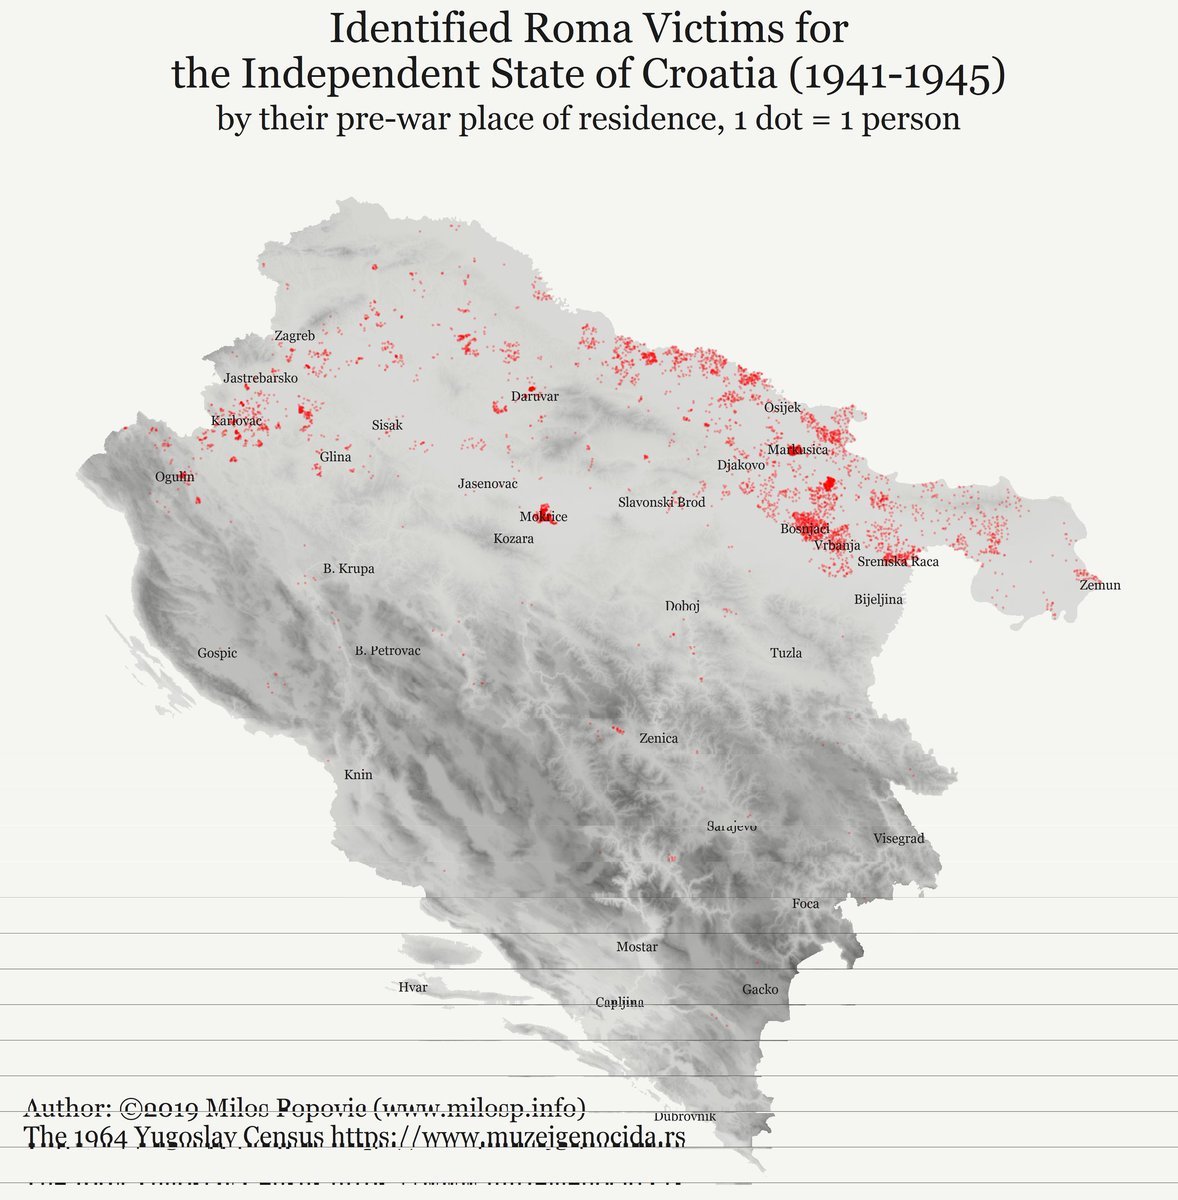 On The Roma Holocaust Memorial Day, we remember the victims of the Romani genocide in World War II. My map shows the Romani victims of the Ustasha regime in the Independent State of Croatia

#RomaGenocideRemembranceDay #Porajmos #dataviz #datascience #maps #rstats #gis
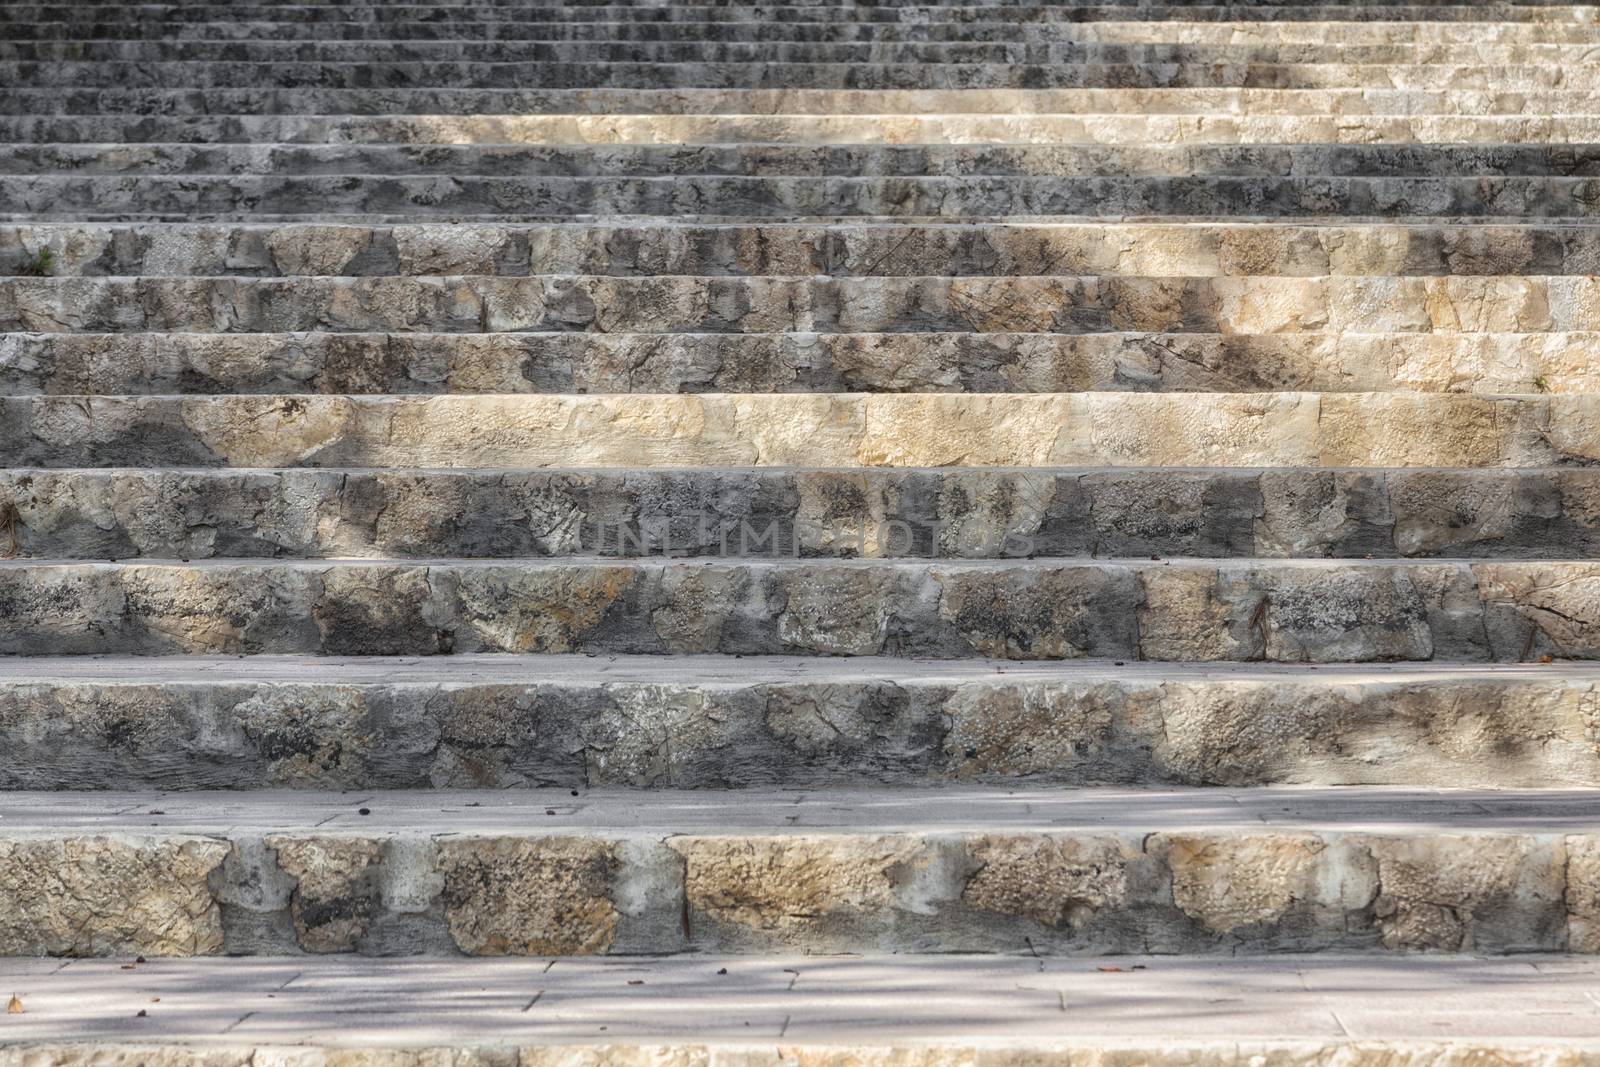 Stair steps of stone which lead upwards by sandra_fotodesign

——————————

### [WORK TO BE COMPLETED]
Transcribe the data exactly and leave no picture in the copy.

### [SOLUTION TO THIS PROBLEM]
 On The Roma Holocaust Memorial Day, we remember the victims of the Romani genocide in World War II. My map shows the Romani victims of the Ustasha regime in the Independent State of Croatia

#RomaGenocideRemembranceDay #Porajmos #dataviz #datascience #maps #rstats #gis
 Stair steps of stone which lead upwards by sandra_fotodesign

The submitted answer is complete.